# HMSAS Southern Sea



## Popeye1975 (Feb 1, 2017)

Although a Royal Navy signalman, my father may have served for a short time aboard the converted trawler 'Southern Sea' probably in the Mediterranean in 1941. He may have served with a Raymond Clarke of 249 Loop Street Pietermaritzburg, and a character known as 'Lofty'. 

Does anyone know of any way to check with South African Naval records to verify any of these facts? Oh, and to save everyone a lot of time, I already have the pathetic excuse of a Royal Naval Record from TNT.


----------



## jg grant (Nov 22, 2007)

Hi from New Zealand.
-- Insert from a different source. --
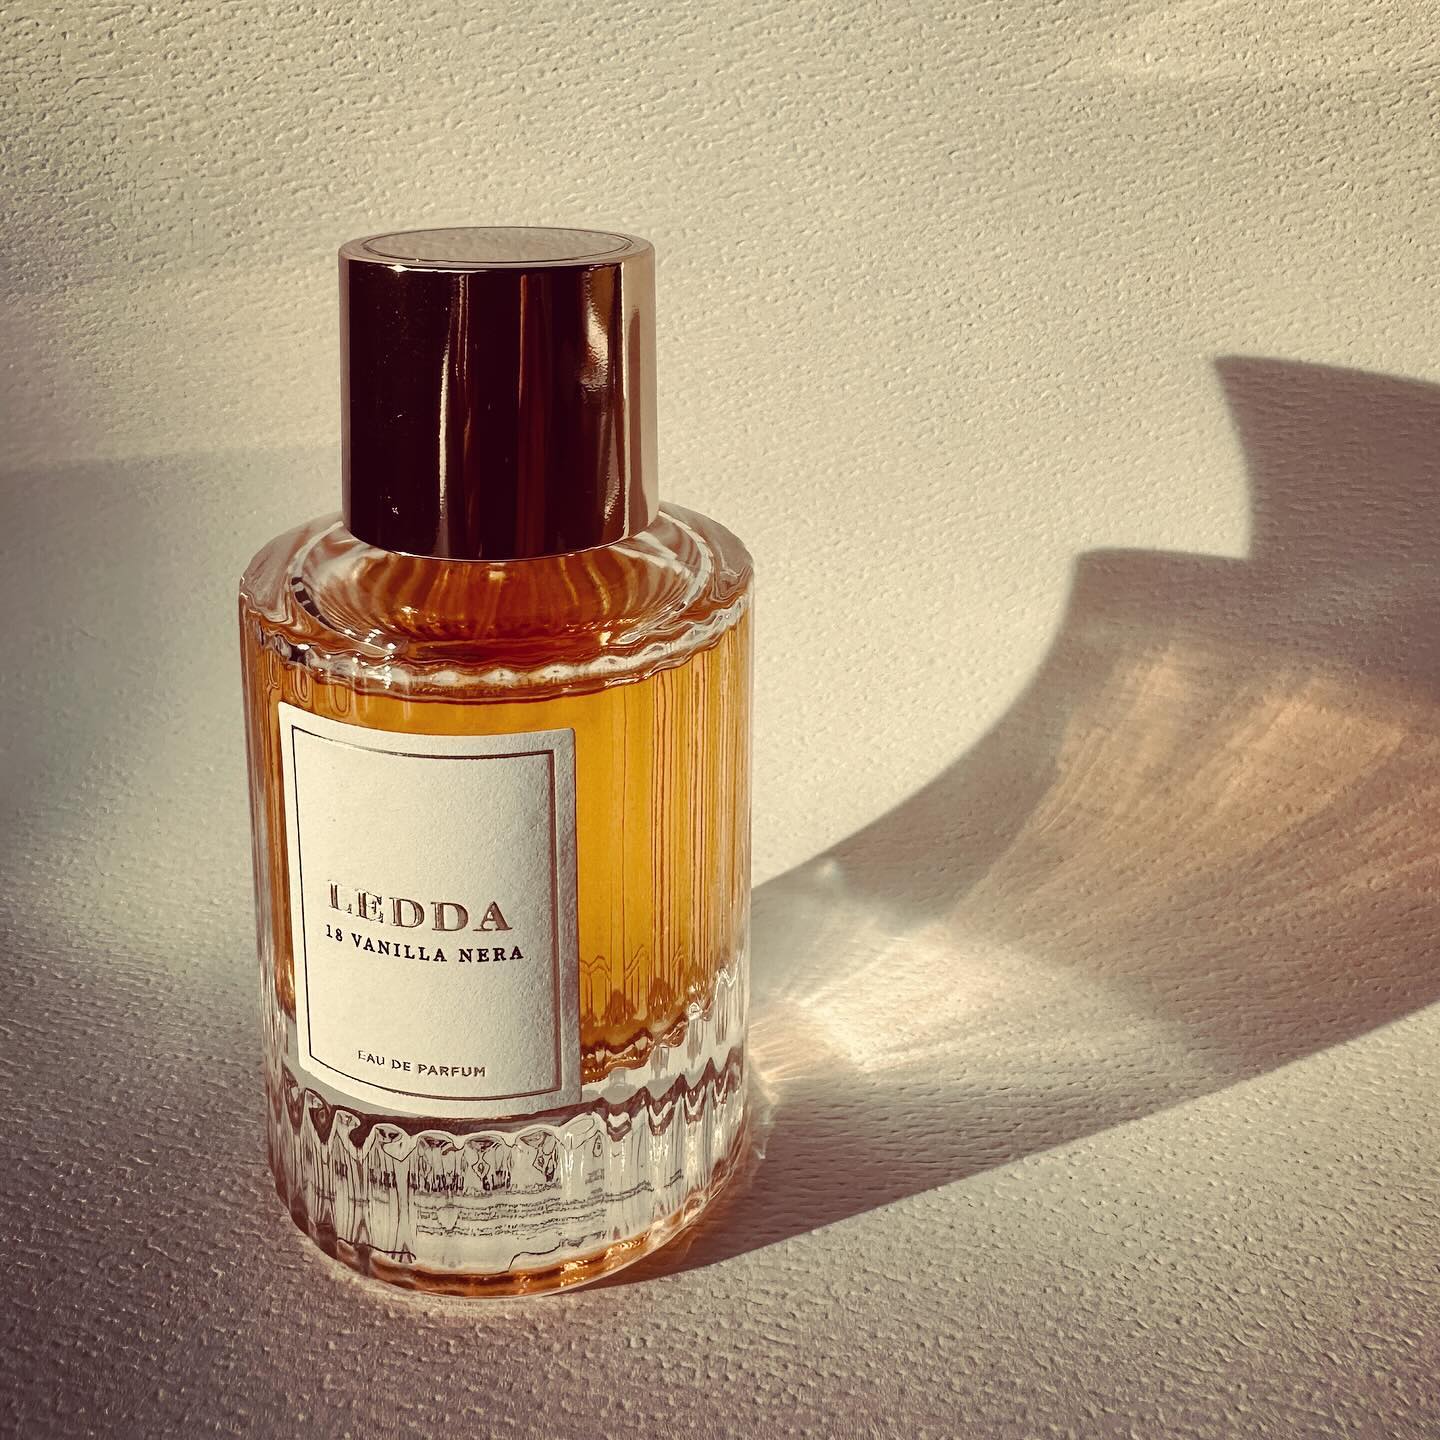 Ledda 19 Vanilla Nera Perfume Review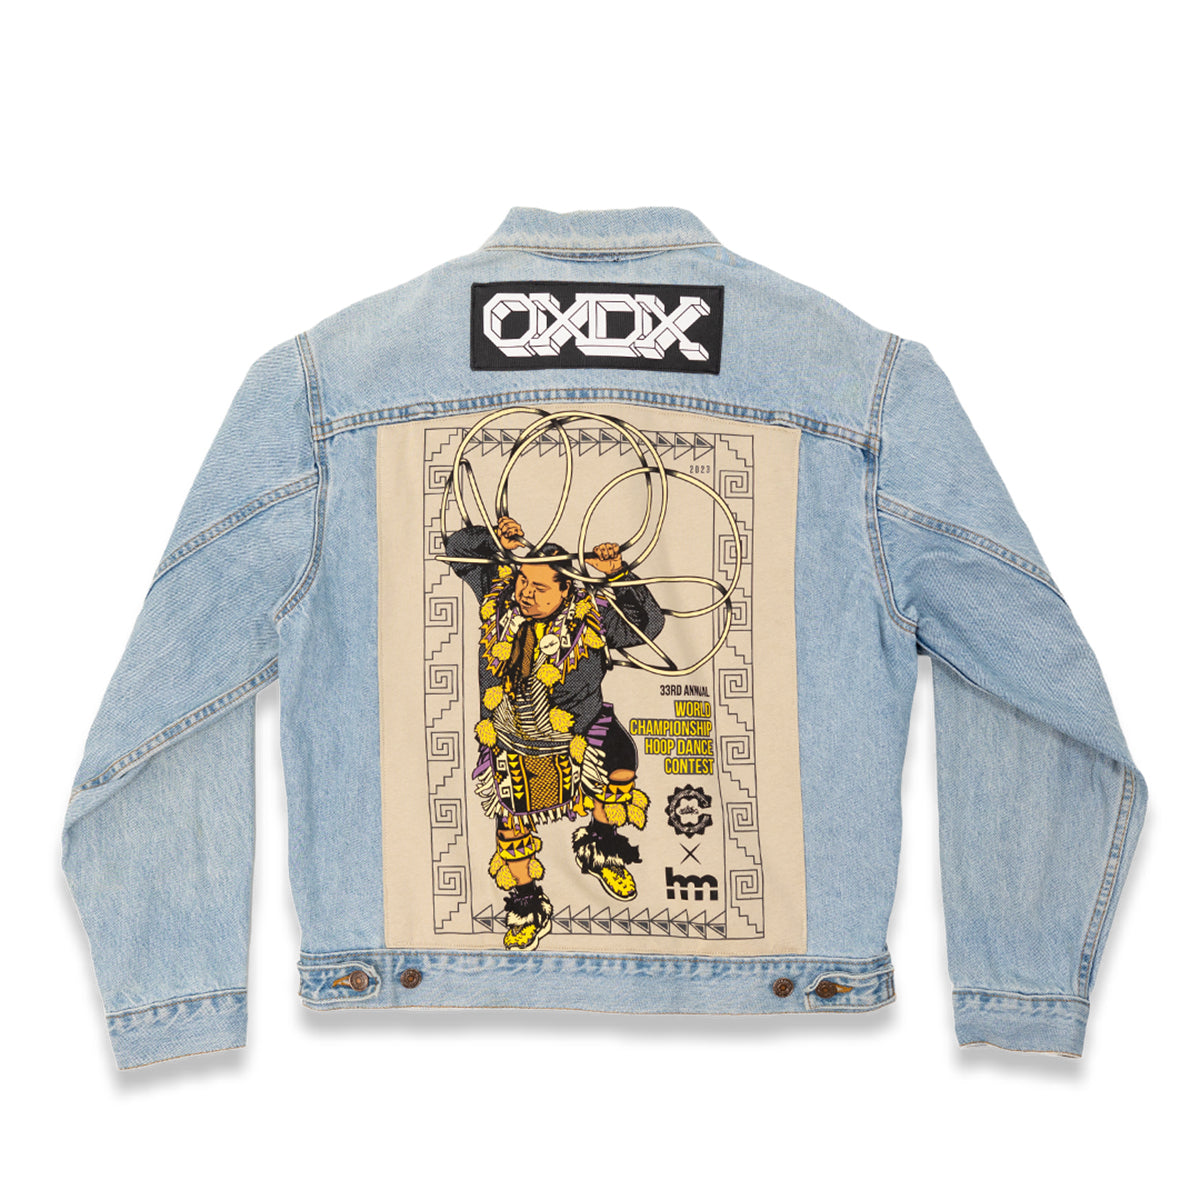 SSS Denim Jacket (Men's Small) – OXDX Clothing

Lots of clued up people on this site. Good luck.


----------



## exsailor (Dec 18, 2005)

Maybe an enquiry to the South African Naval Museum will result in an answer to your question or at least point you in the right direction.
http://www.simonstown.com/navalmuseum/index.htm

Dennis.


----------



## harrycharmaine (Jun 13, 2019)

Good Day Popeye, are you still looking for information on HMSAS Southern Sea?
What was your Fathers name, I have a group photo with names and a photo of Lofty, Bob Barker, Bob Lee, Burt Thorrton, Seaman Gunner Tommy Brews, Sea AE Holt, Regards Harry


----------